The idea is to obtain an abstract representation of laws that would make it easier to extract the rules and obligations defined in the text and understand what are the entities responsible for compliance, highlight patterns of similarity across industries, differences between public and private responsibilities, or even identify parts that are unclear.

Challenges

Working with laws and regulations adds a few levels of difficulties to the analysis:

Language parsing and tokenization are made harder by the use of formatting, abbreviations, and references that are specific to legal documents.
The vocabulary is relatively limited and very specialized, but the interpretation is highly sensitive to the context and there are no industry-specific pre-trained models that incorporate semantic analysis.
The syntax of sentences is often complex and non-linear, making information extraction more difficult.

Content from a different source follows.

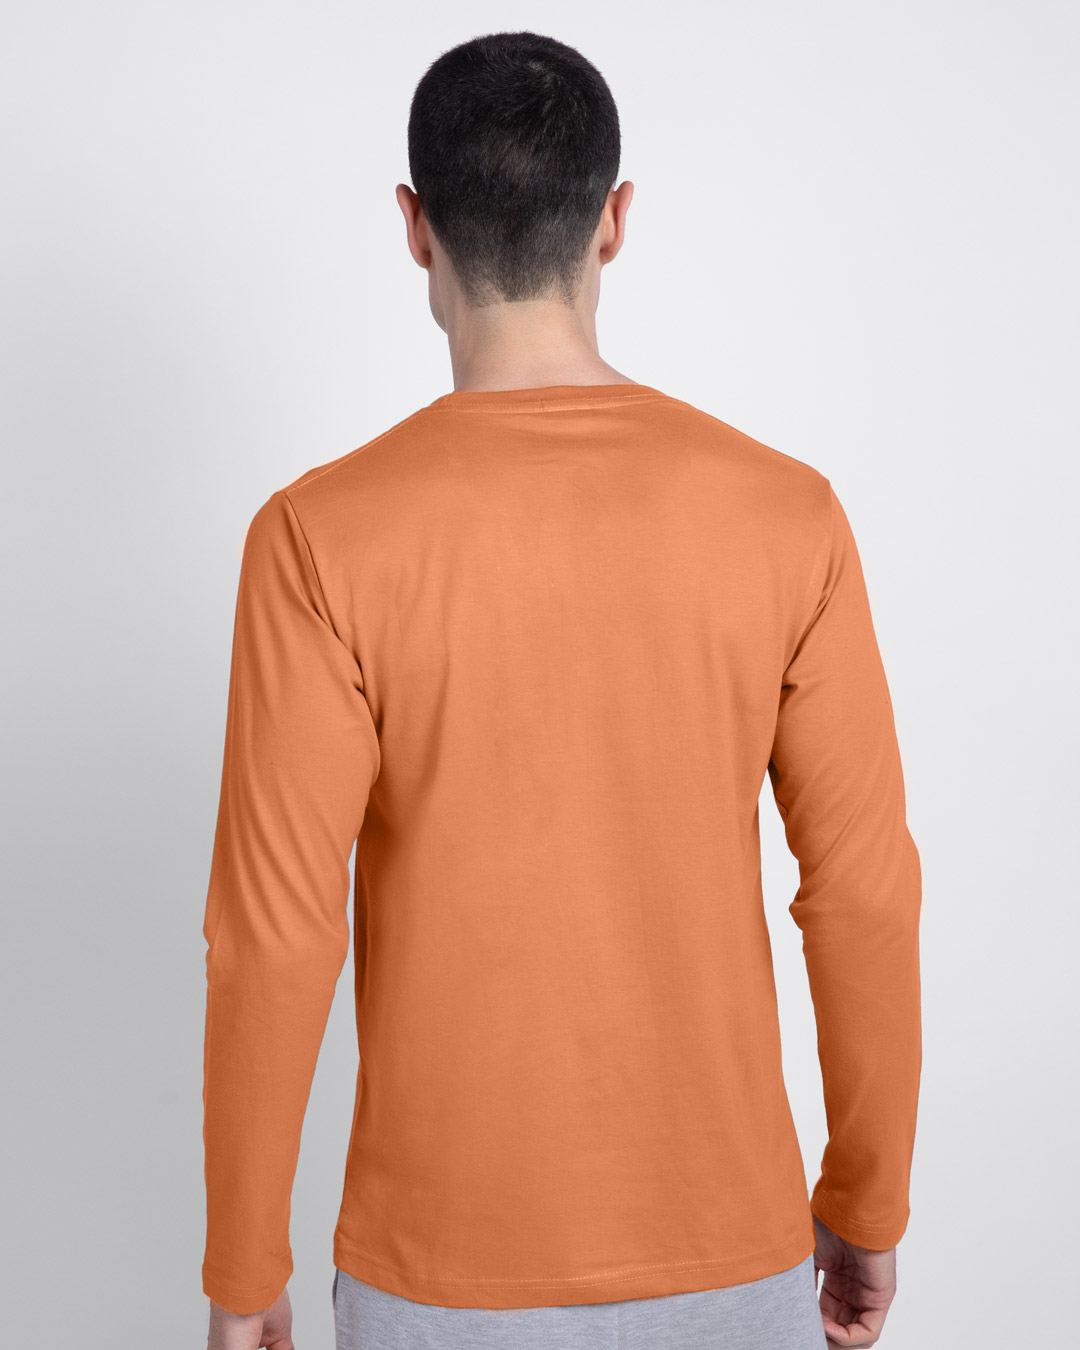 Shop Nir vah nuh Full Sleeve T-Shirt Vintage Orange -Back

Extract from the Accessibility for Ontarians with Disabilities Act (AODA) — bullet points, references and general formatting break out-of-the=box tokenizations algorithms.

Framework

To overcome these challenges, and in absence of a labelled set, instead of training a single model, we developed a methodology that combines a rule-based system with elements of a standard NLP pipeline and unsupervised ML to define a framework for analysis that can be generalized to various domains.

Modules in the NLP pipeline that are relevant to the framework are:

Tokenizer: splits a document into units called tokens and at the same time throws away non-informative characters like spaces and punctuation.
Lemmatizer: reduces inflectional forms and map words to their dictionary form.
Parts-of-speech tagger: assigns each token to a group of words that have similar grammatical properties (Parts Of Speech)
Dependency parser: identify the grammatical structure of the sentence by identifying head words and words which modify those heads, building a tree of grammatical dependencies.

Within this framework, our goals are to extract information in terms of the rules defined in the legislation, the entities that are responsible for compliance, and organize rules into homogeneous groups.

In order to test this approach, we produced a Proof Of Concept based on the Accessibility for Ontarians with Disabilities Act (AODA) — a bill passed in 2005 that defines rules and requirements for accessibility, and sets out processes for eliminating barriers for people with disabilities in Ontario.

Rules extraction

Our first objective is to automate the process of scanning the text of a law and extracting sentences that define a rule. In the context of AODA, we’re particularly interested in burdens — i.e. requirements or obligations that organizations have to comply with.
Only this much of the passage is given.